By Jeff Goulding on Public Reading Rooms
Difficult to know what’s more absurd, Theresa May’s claim that the Conservatives are for everyone, or that she thinks we’ll fall for it.
So the party conference season is over, and the country could not have a starker choice in terms of the two political paths on offer. On the one hand there is the vision set out by Labour, offering a future built on collective effort securing gains for the individual, the other suggests a continuation of the blitzkrieg on the poor and the vulnerable.
The Tories’ talk of opportunity is simply cover for a programme of enrichment for those already sitting bloated at the top, with the vague promise that some of the fat will trickle down to the rest of us.

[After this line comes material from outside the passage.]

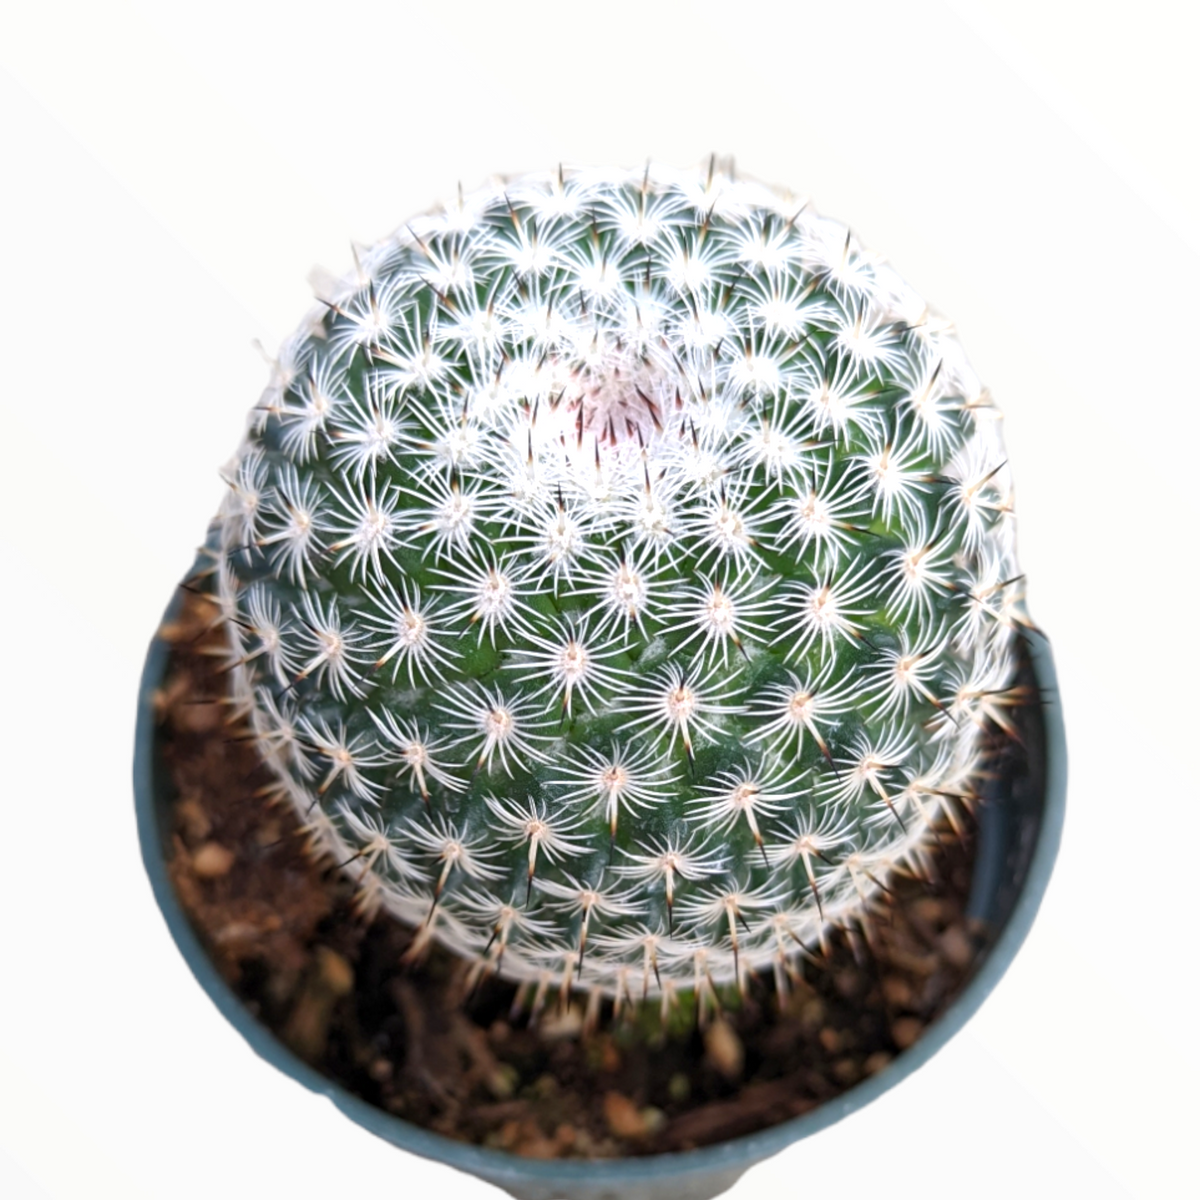 Mammillaria matudae - Thumb Cactus - Succulents Depot

It’s a lie, has always been a lie, and always will be.
What opportunities are there, if you’re born into a deprived area, save for the chance to leave this world several years earlier than someone born in a more affluent region? Children born in Britain today face a postcode lottery of life expectancy. But, it gets worse. For the first time since the war, average life expectancy has stalled in England and in Scotland and Wales, it has actually fallen.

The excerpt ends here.